I figured out why the Nakamichi CD-300 in the '93 325is I bought doesn't work.....it wasn't connected (DUH!). I have no idea where the seller got it, but it was obviously put in the dash just to fill the hole. Not a single wire was connected to anything. I'd like to see if it works, but the wires from the plug in the rear were cut off (they've obviously been connected to something since they're all stripped and have been twisted). 

This is an OLD CD-300 (manufacture date Feb. 1998) not the current model. Does anyone have the pinout info of the rear plug on this old unit, or know of an adaptor plug so that I can at least see if it will work? The 13 wires are:
red, 
black,
solid green,
green with a black stripe,
solid lavender, 
purple with a black stripe, 
solid gray, 
gray with a black stripe, 
solid white, 
solid blue, 
white with a black stripe, 
white with a blue stripe, 
and solid yellow.

Thanks in advance for any and all help. :thumbup:


----------



## five.two.five (Jan 29, 2008)

Yellow: +12v constant
Red: +12v accessory
Black: ground
White: Left Front Speaker (+)
White/Black: Left Front Speaker (-)
Gray: Right Front Speaker (+)
Gray/Black: Right Front Speaker (-)
Green: Left Rear Speaker (+)
Green/Black: Left Rear Speaker (-)
Purple: Right Rear Speaker (+)
Purple/Black: Right Rear Speaker (-)
Blue: Power Antenna Trigger Output (+)
Blue/White: Remote Turn-On Output (+)


----------



## hornhospital (Jan 7, 2008)

Thank you so much! I had just about given up on getting a reply.


----------



## five.two.five (Jan 29, 2008)

Hopefully the factory radio harness was cut, but you might want to get a "wiring harness". You'll wire up your Nakamichi CD player to this harness, which will be color to color and then plug it into the factory radio harness. You're also going to need an antenna adapter.

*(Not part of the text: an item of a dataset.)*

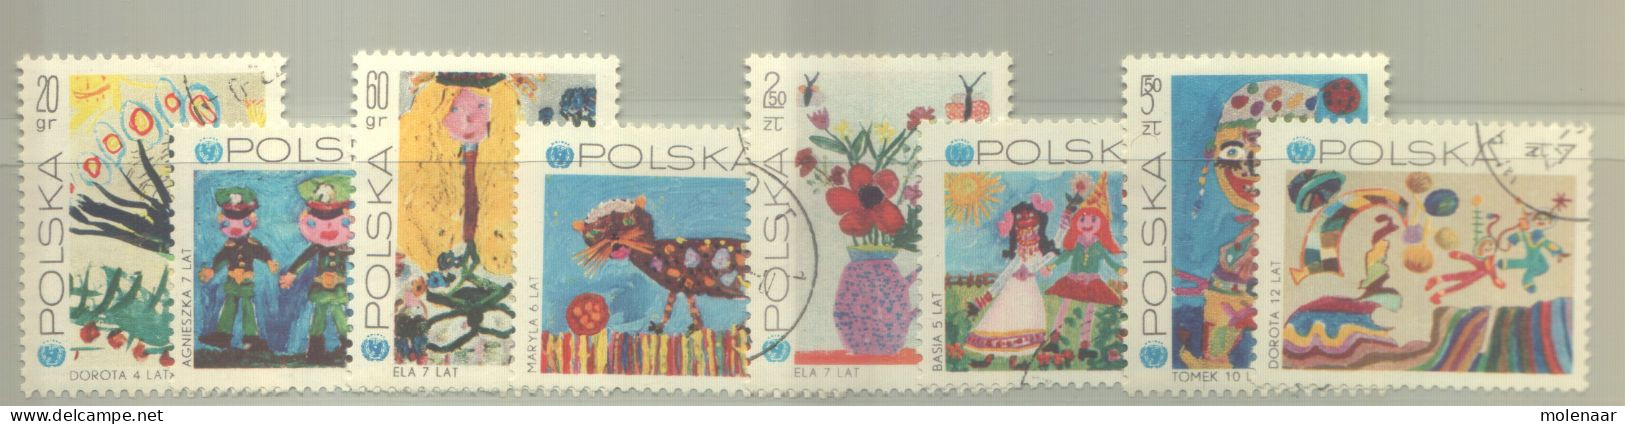 Postzegels > Europa > Polen > 1944-.... Republiek > 1981-90 > Gebruikt 2075-2082 (12193) - Gebraucht
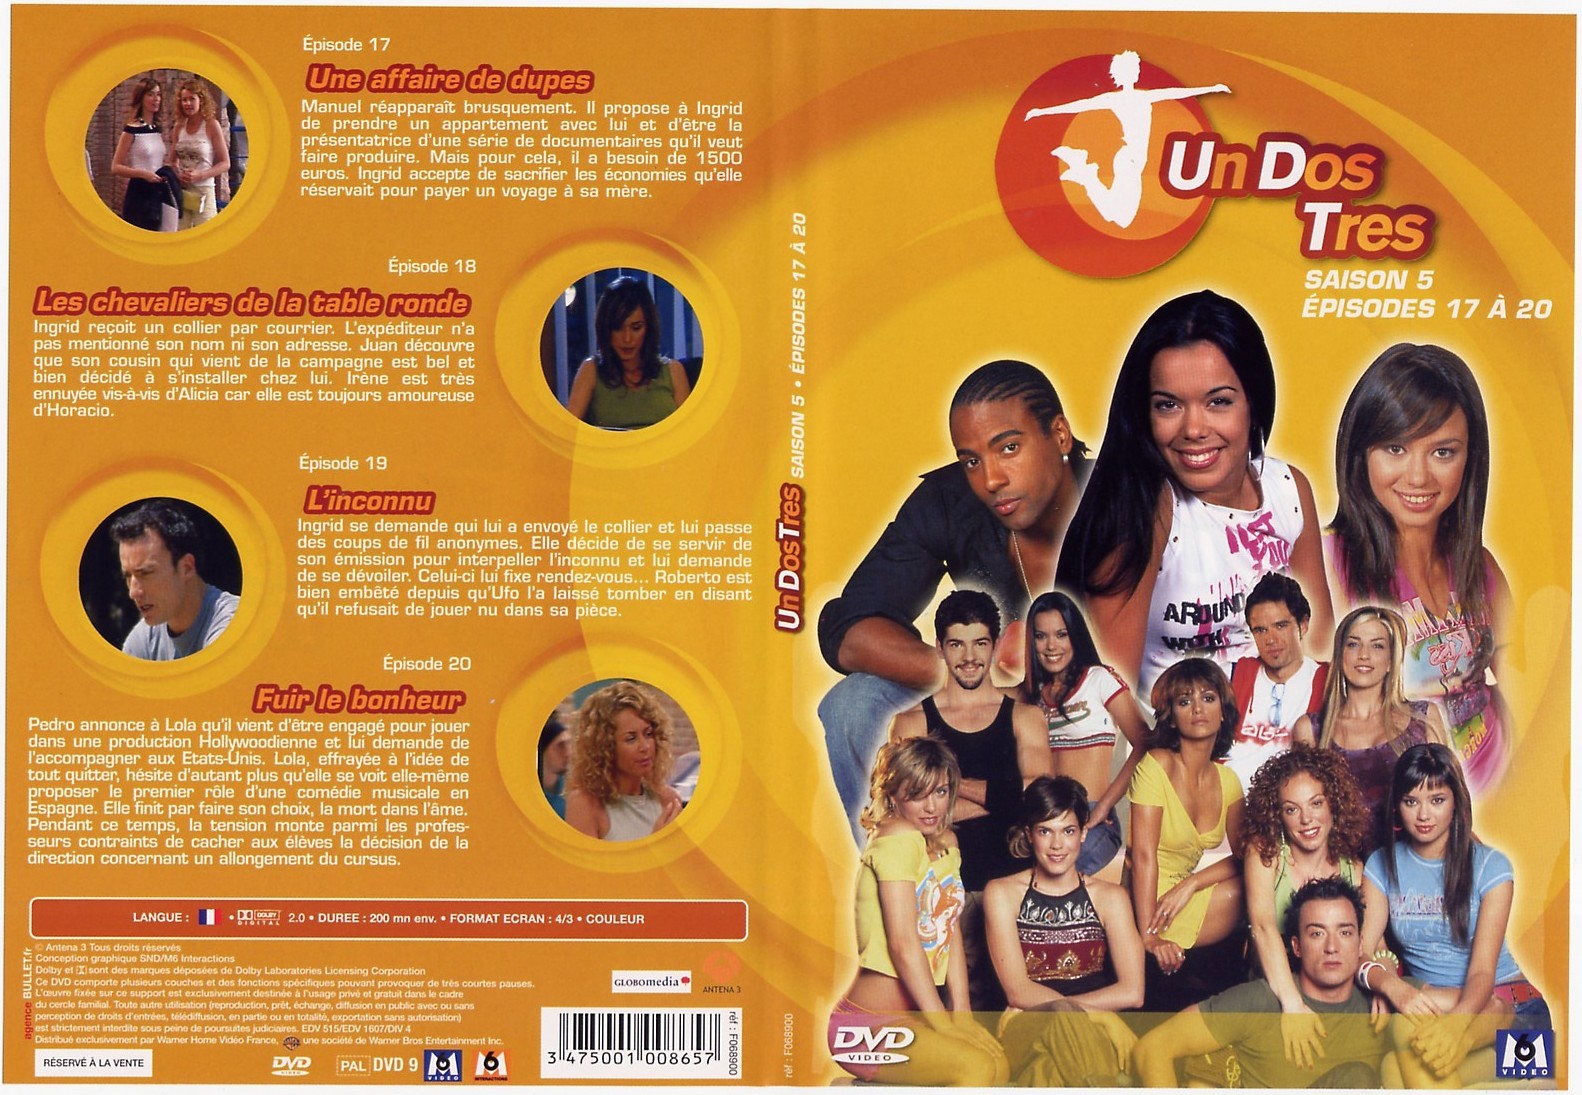 Jaquette DVD Un Dos Tres saison 5 Episodes 17  20

Metra 70-8590 (wiring harness)
Metra 40-VW10 (antenna adapter)

For more information: www.metraonline.com


----------



## hornhospital (Jan 7, 2008)

The factory harness on the CAR has not been cut. It was just tucked behind the Nakamichi, still with the plug intact. The radio harness was hacked up, though. I'd love to "PnP' this thing with the right adaptor after fixing the radio harness. Thanks again for the advise, info and links.


----------